Things sit too long, freezing under me and I start spinning my wheels on the ice; I sometimes take a step or two back instead of forward. Those steps back affect me a great deal more than any success. I withdraw into myself--feeling less worthy. I find myself unable to cheer anyone else on their journey because I am so centered on my own self--which makes me selfish.

This is what happens when I spin my wheels. I become selfish.

The only way to end the cycle is to find some traction, create enough friction, and start moving again. This doesn't always mean getting the agent, the contract, the movie deal. Sometimes finding traction just means to submit another manuscript, to write another word, to DO something--anything that moves you forward.
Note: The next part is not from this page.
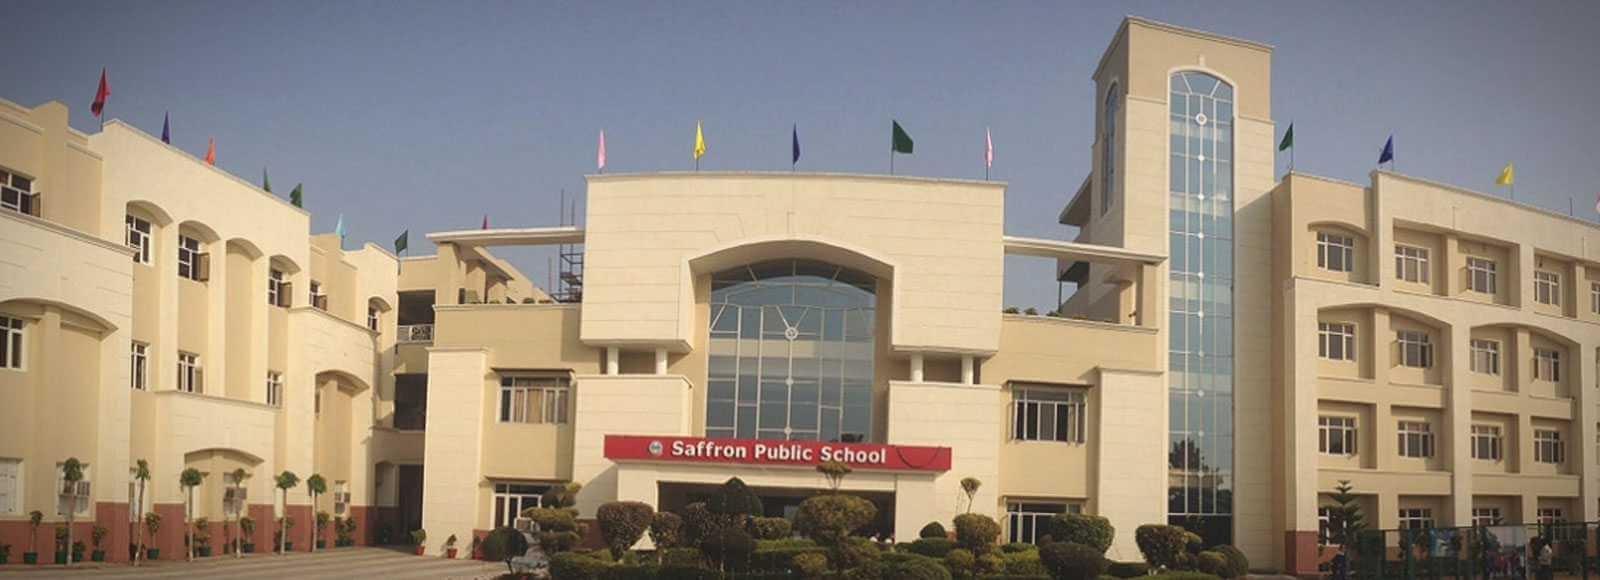 Saffron School (@saffron_school) Cover Image

When moving forward, I find myself better able to step *outside* myself and encourage others to reach for their dreams as well. It allows me to be a better friend, a better mentor--a better person. When I feel like I am succeeding in even the smallest measure, that measure allows me to dream bigger, climb higher, take another step forward--which leads to another step . . . which leads . . .

5 comments:

Anonymous said...

Brilliant thinking, Julie. I love that motion keeps you mindful of others too, not just only on improving yourself. =]

Heather Moore said...

This is so true for me! Very well put.

Annette Lyon said...

Beautifully put. I can relate in so many ways.

Kimberly Vanderhorst said...

Oh how this resonates with me. I am a wheel spinner by nature and I'm starting to realize that it most often happens when I'm driving in the wrong direction in the first place...

Heather Justesen said...

Absolutely! The important thing is to keep moving forward, even if the only results we're seeing is the word count going up.